··· DATA IN THIS EXERCISE ···
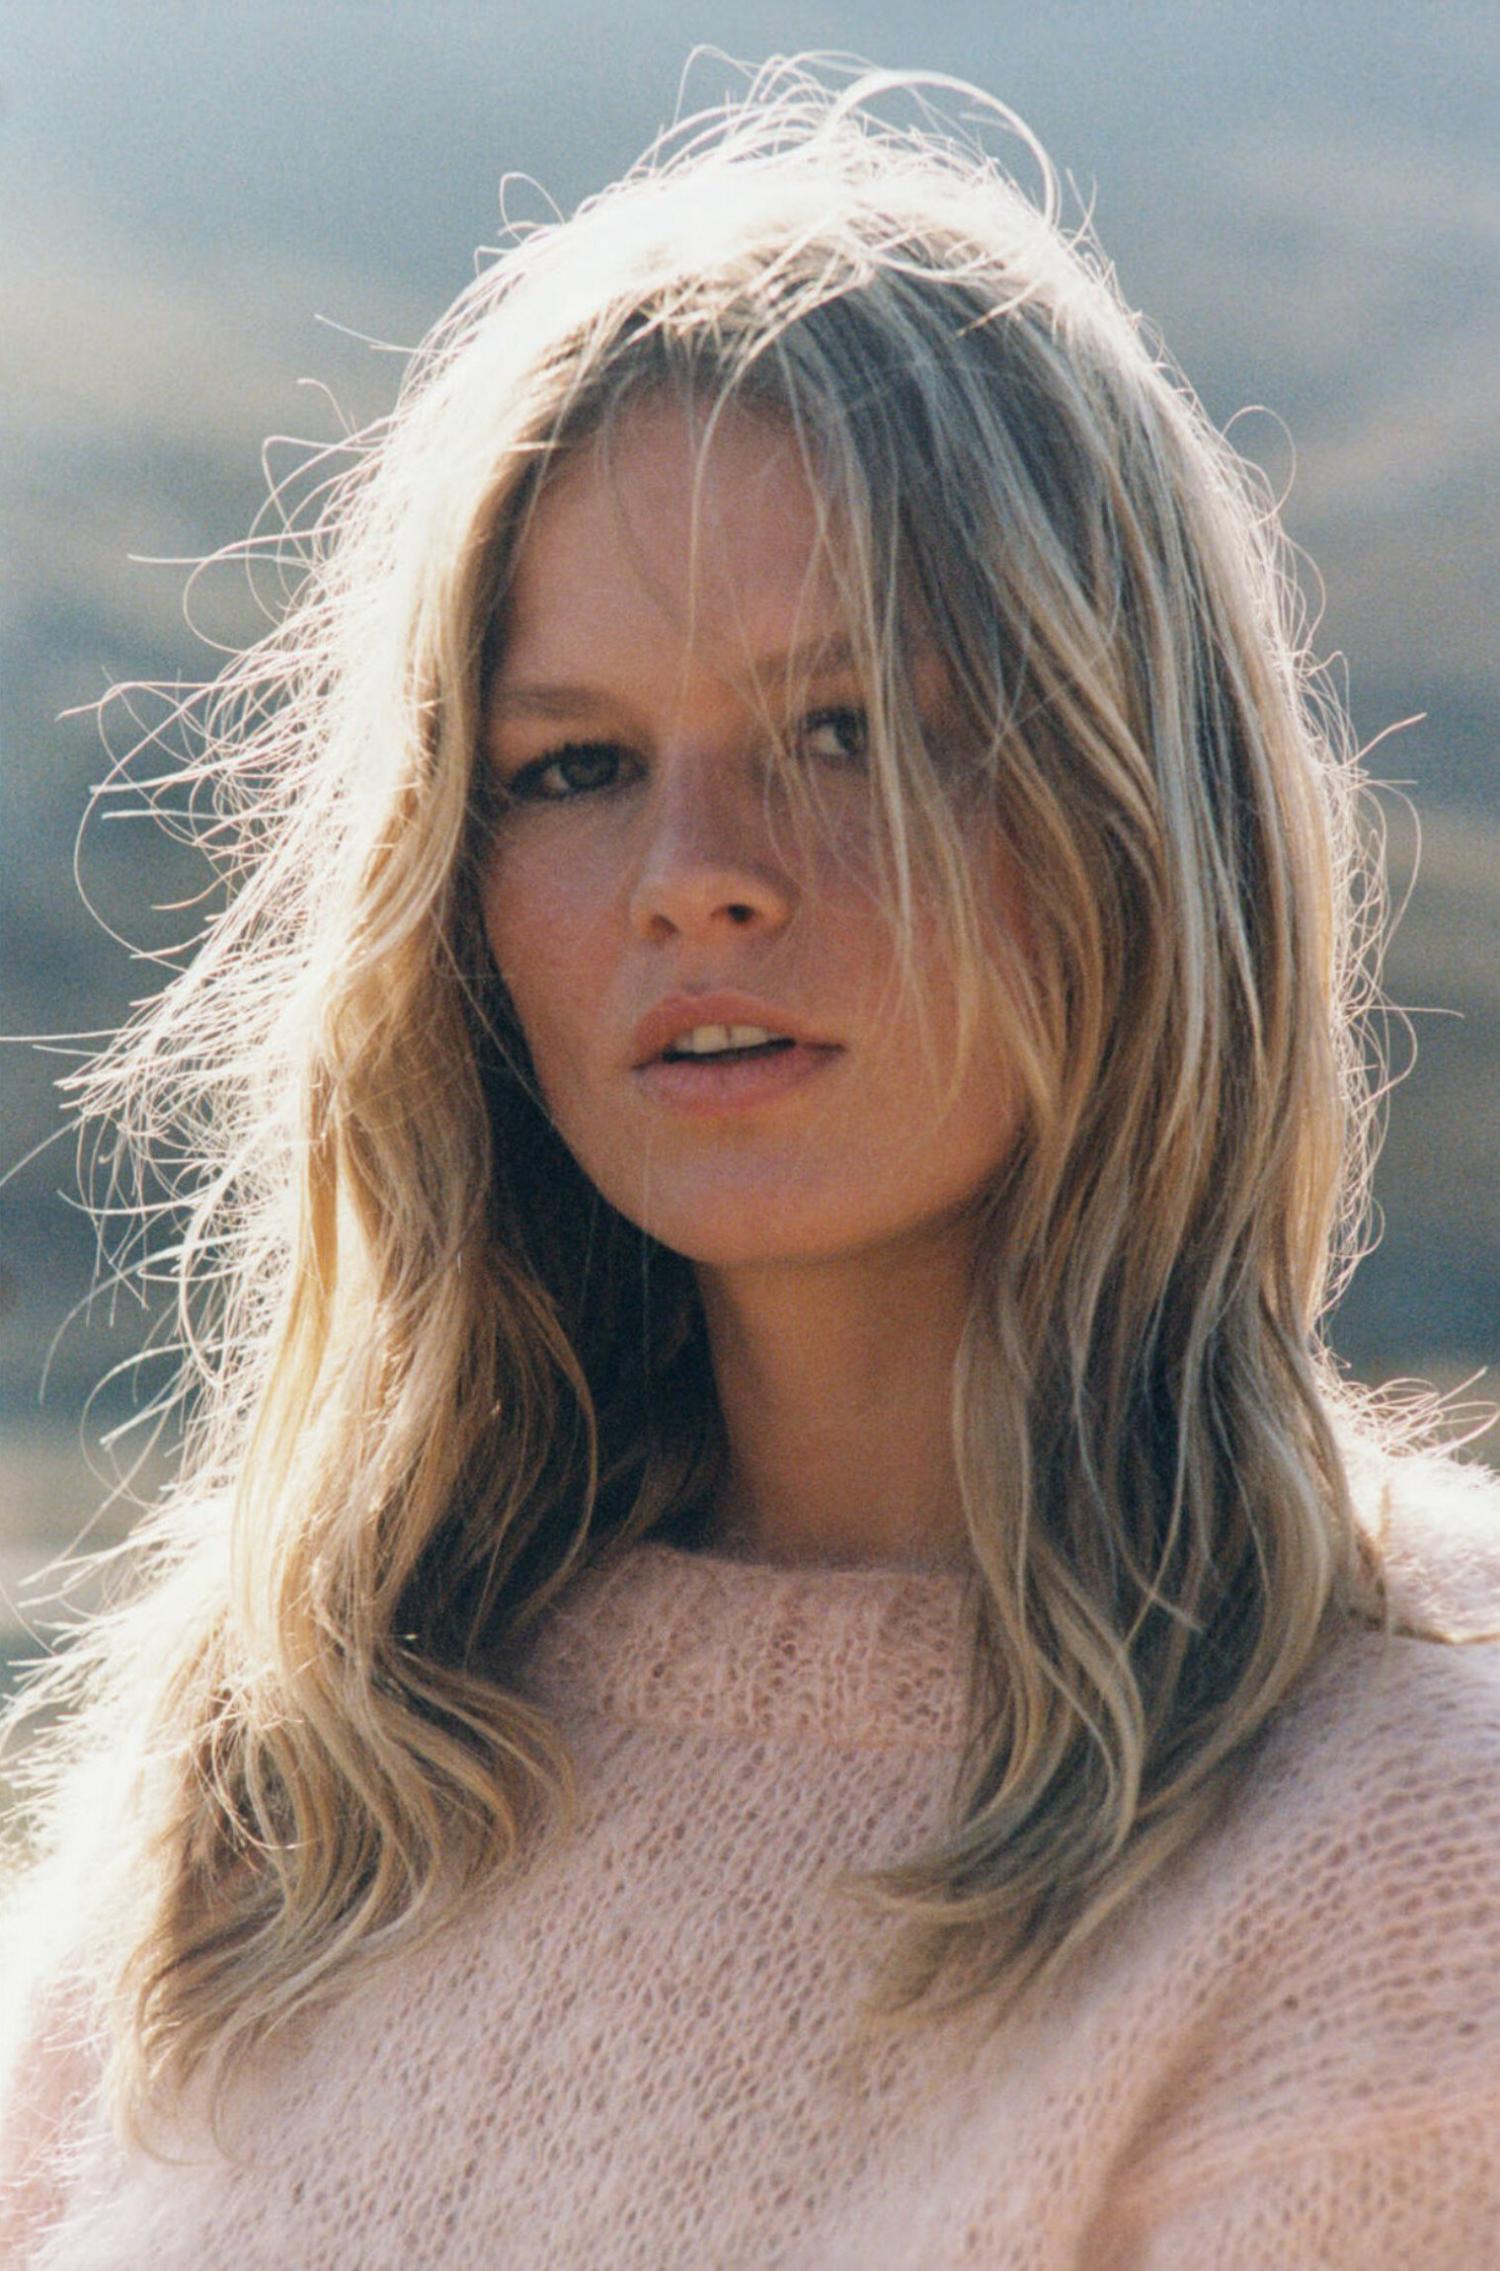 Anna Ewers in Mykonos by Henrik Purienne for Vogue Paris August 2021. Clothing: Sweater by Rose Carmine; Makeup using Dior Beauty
···
··· DATA IN THIS EXERCISE ···
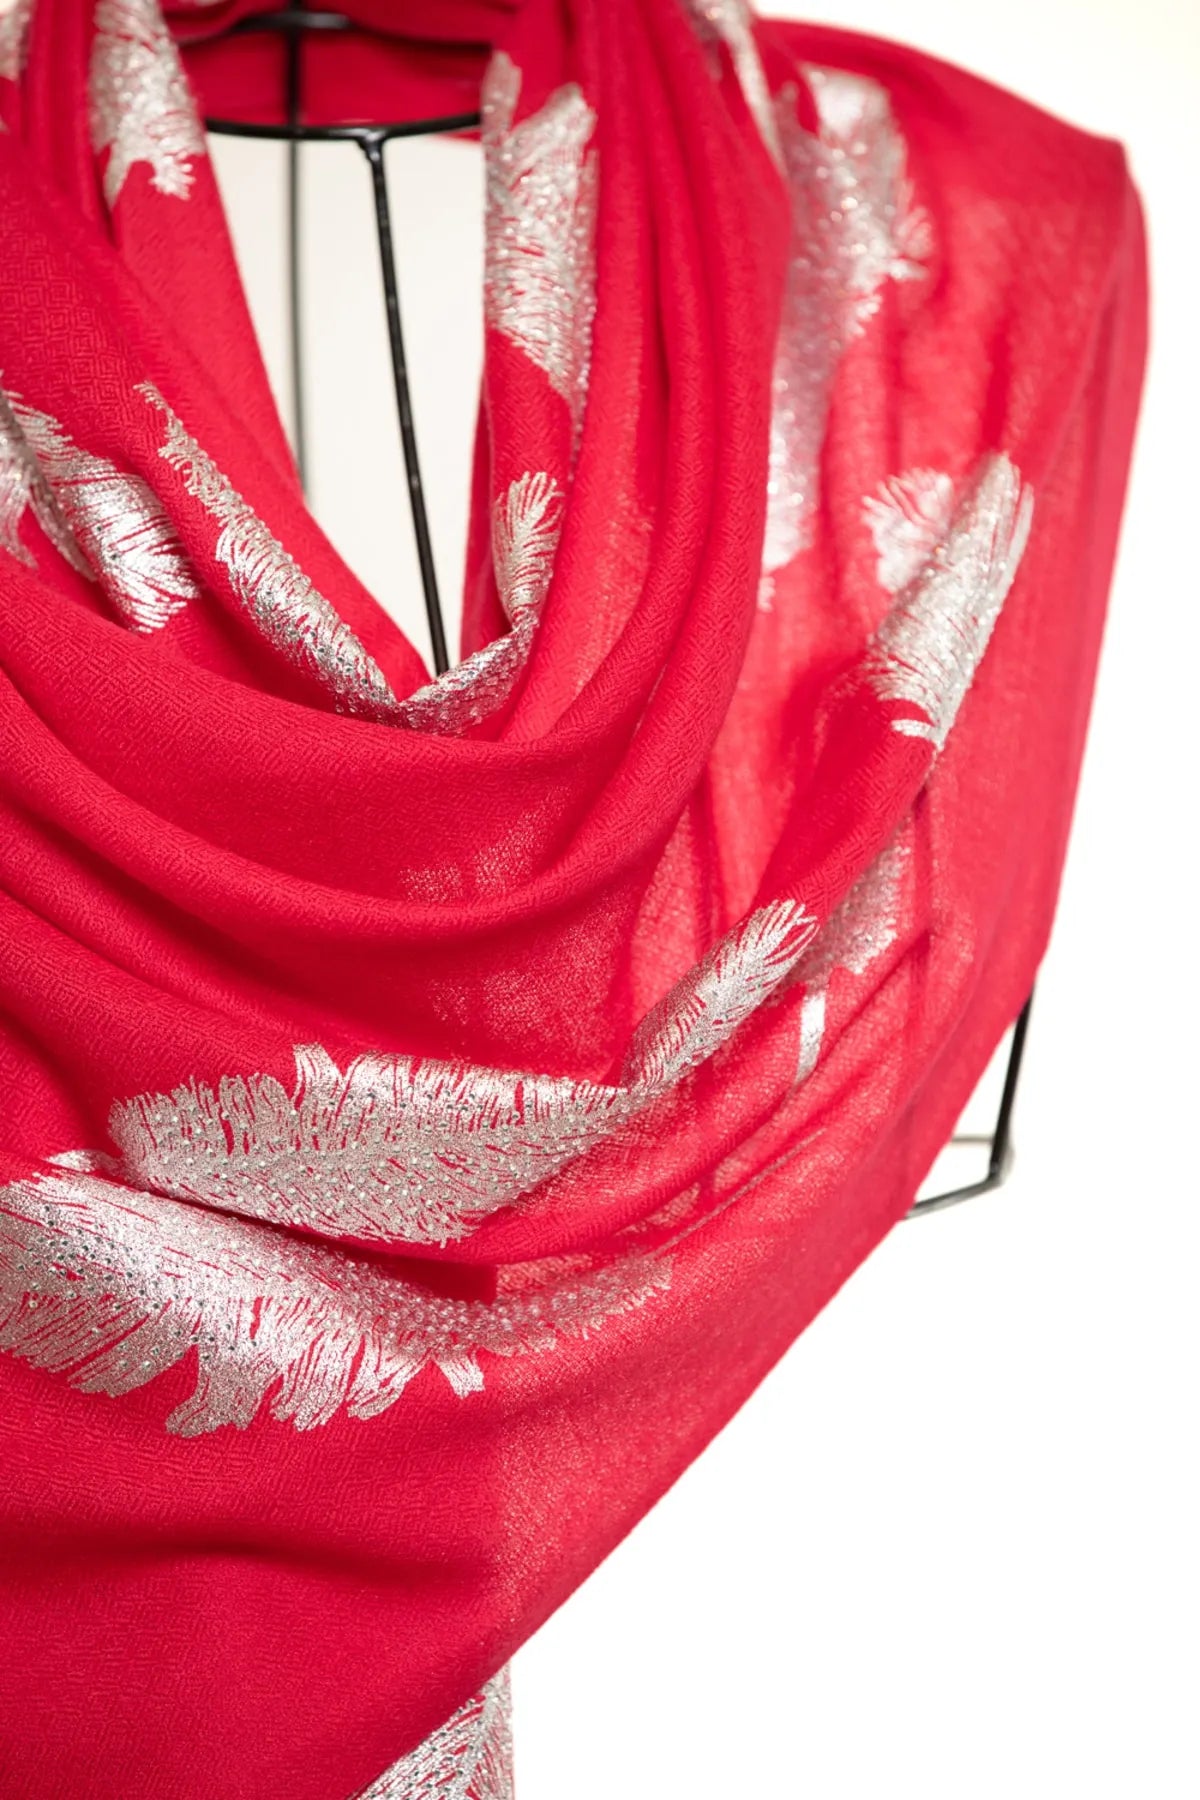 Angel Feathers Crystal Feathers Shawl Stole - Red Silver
···
··· DATA IN THIS EXERCISE ···
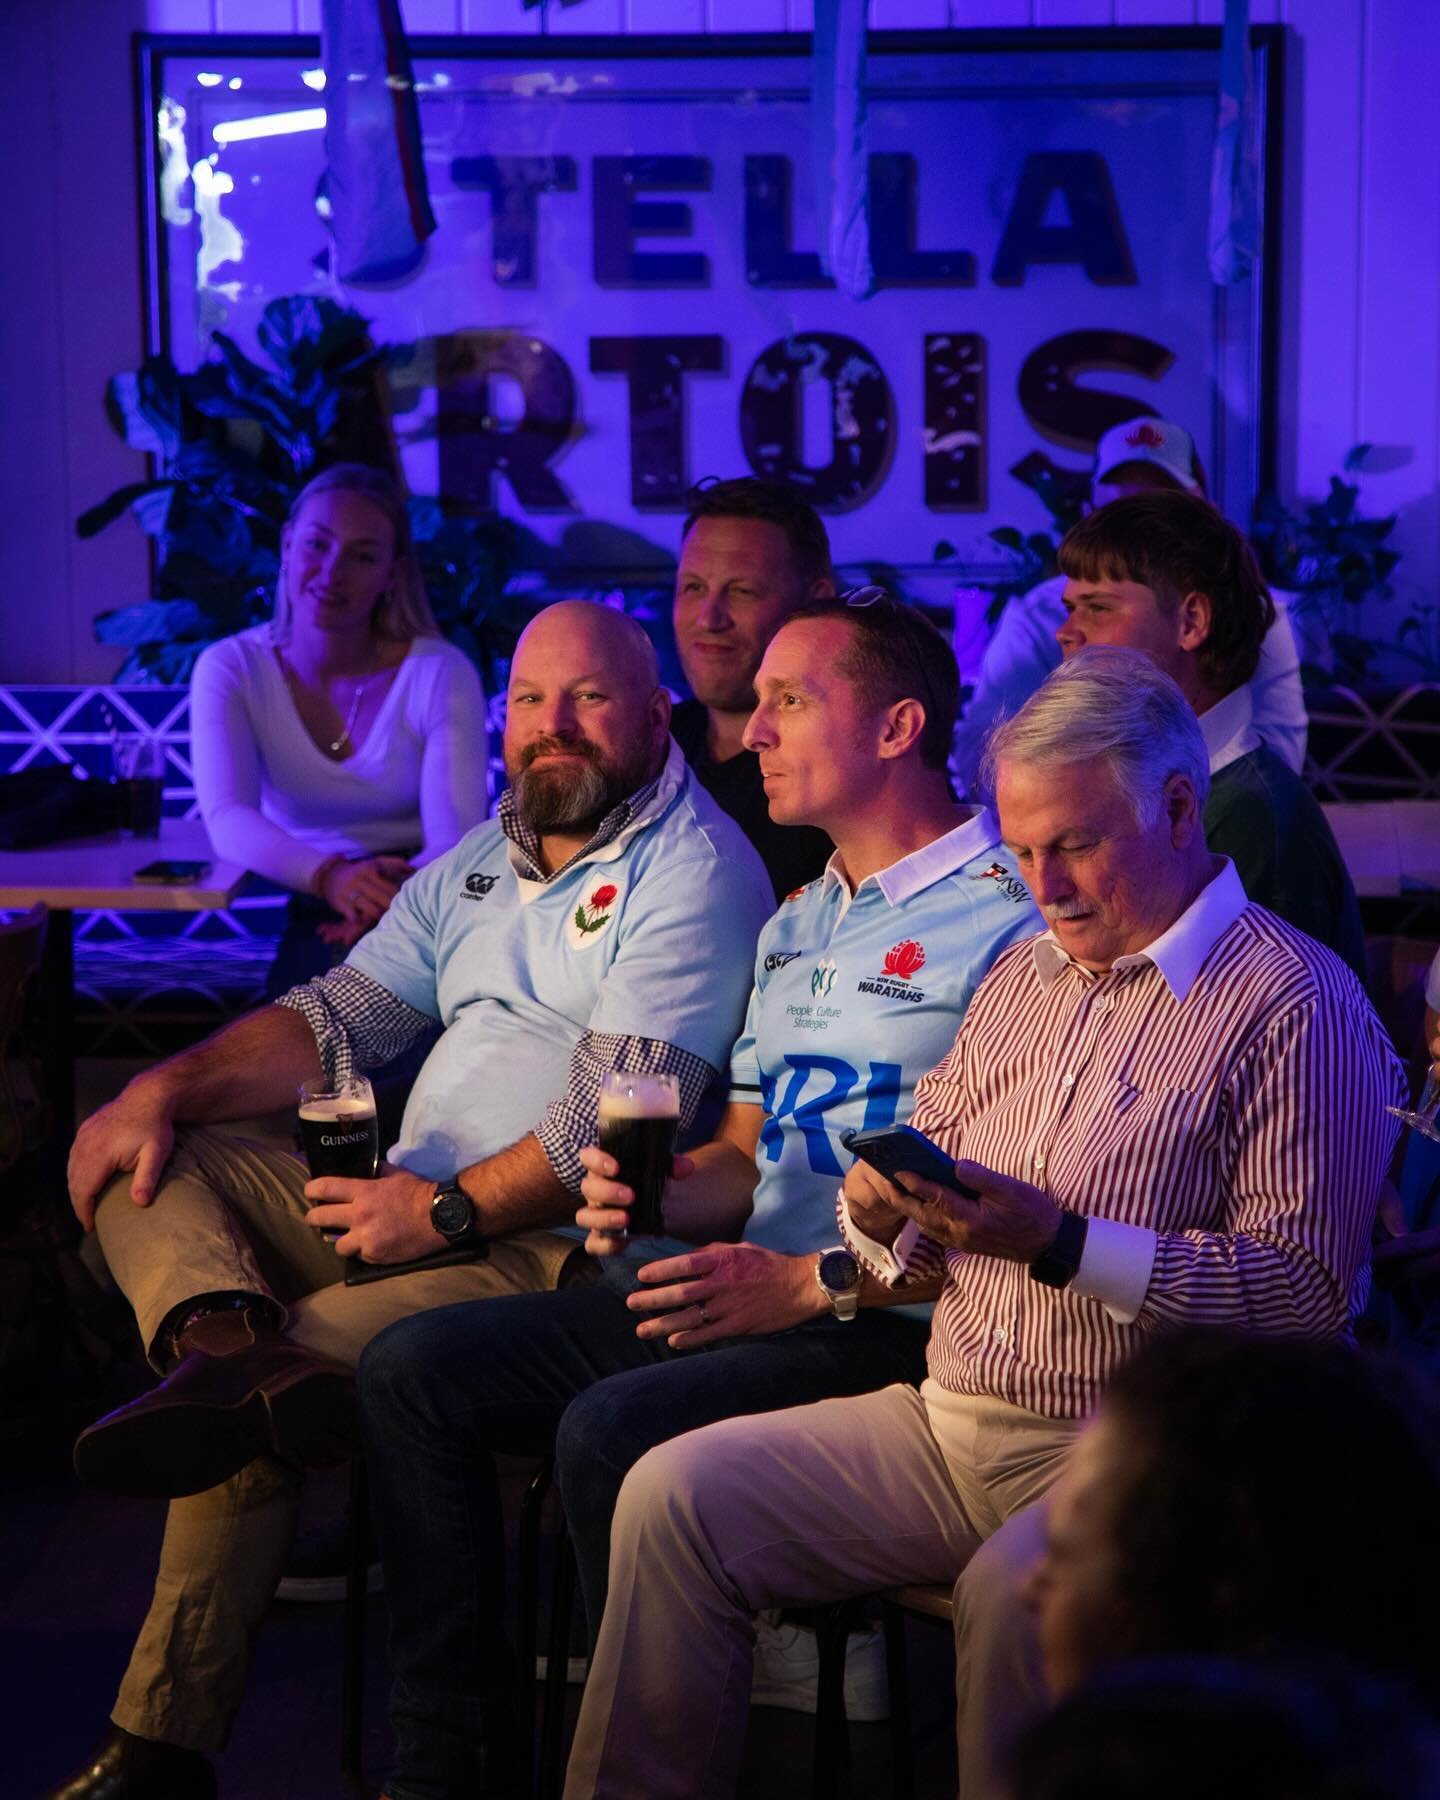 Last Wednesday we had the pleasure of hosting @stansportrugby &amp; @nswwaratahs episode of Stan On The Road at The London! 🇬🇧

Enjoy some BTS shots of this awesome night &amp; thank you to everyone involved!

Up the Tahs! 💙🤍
···
(WORK REQUIRED) Output the lines of the records above exactly as they appear, from the line containing "Enjoy some BTS" through the line containing "Up the Tahs! 💙🤍".

(ANSWER TO THIS EXERCISE)
Enjoy some BTS shots of this awesome night &amp; thank you to everyone involved!

Up the Tahs! 💙🤍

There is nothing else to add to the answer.